Julius Caesar...Coolidge and Family

In observance of the Ides of March, here is an old offering from the Coolidge family album: a photo of Julius Caesar Coolidge (far left) as a boy, the President’s uncle, taken with his family: father, Calvin Galusha; mother, Almeda Brewer; and brother, John Calvin (far right). While Calvin Coolidge never met Julius, who died two years before the future President was born, he experienced much the same mixture of joy and sorrow, play and hard work of which Calvin later summarized from his own experience:

“It would be hard to imagine better surroundings for the development of a boy than those which I had. While a wider breadth of training and knowledge could have been presented to me, there was a daily contact with many new ideas, and the mind was given sufficient opportunity thoroughly to digest all that came to it. Country life does not always have breadth, but it has depth. It is neither artificial nor superficial, but is kept close to the realities” (The Autobiography, p.33).

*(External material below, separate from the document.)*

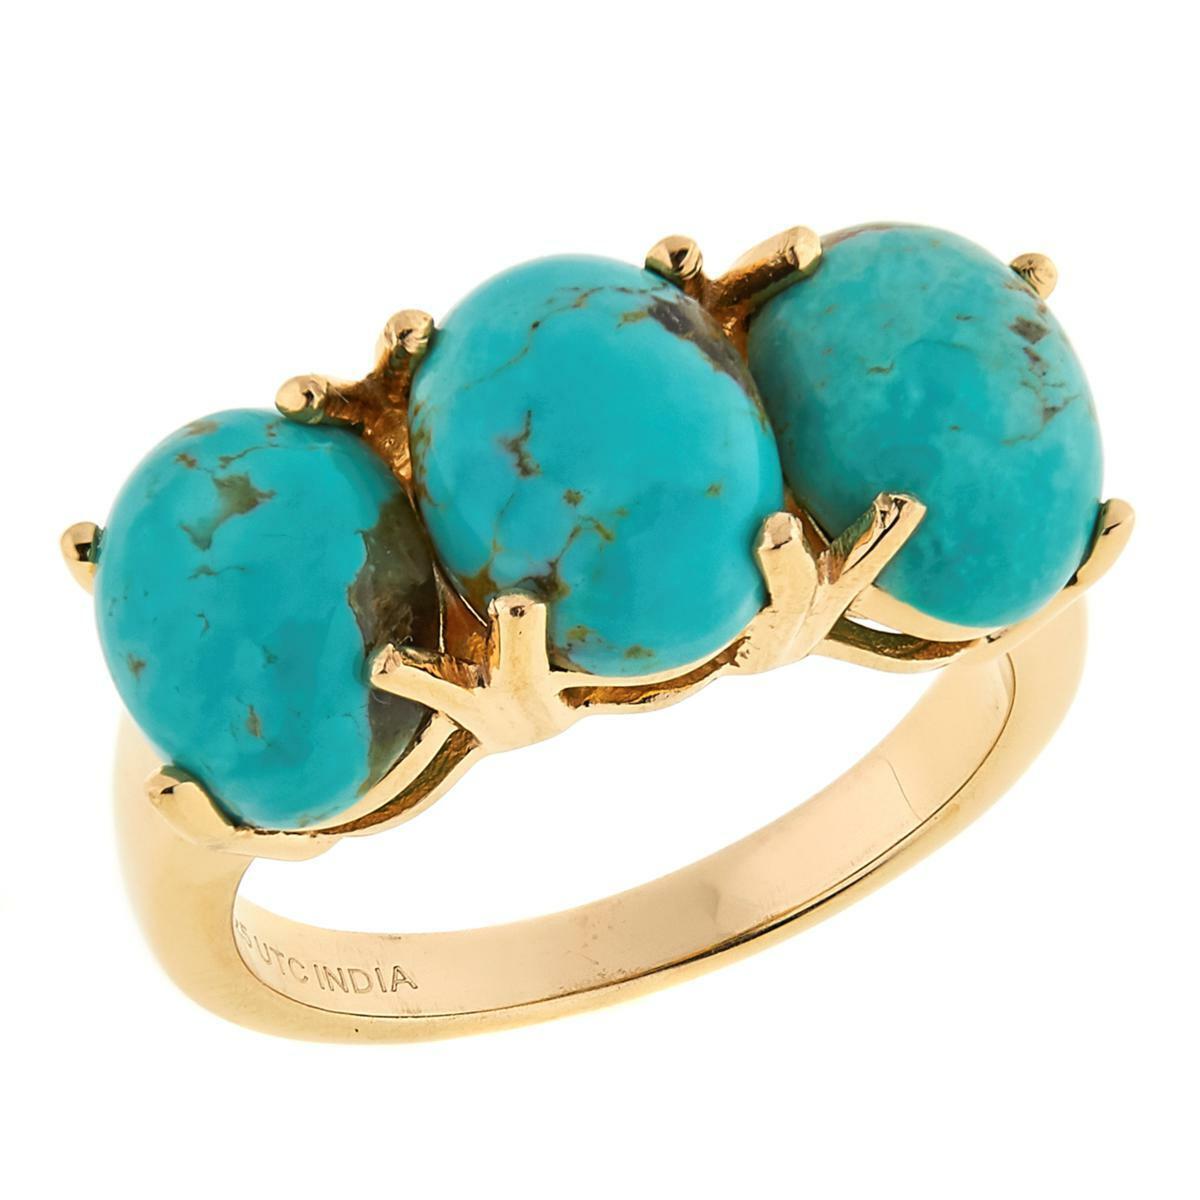 Paul Deasy Gem Gold-Plated 3-Stone Tyrone Turquoise Ring Size 5 Hsn $101

Like many families of the early nineteenth century, the courageous deeds of heroes from antiquity intermixed with the unshakeable convictions of religious heroes from the Reformation and Great Awakening to be perpetuated in the choice of names for babies born to those early pioneers of Vermont and beyond. What better way to evoke great things for new lives than to name one for the brave conqueror and another for the stalwart reformer?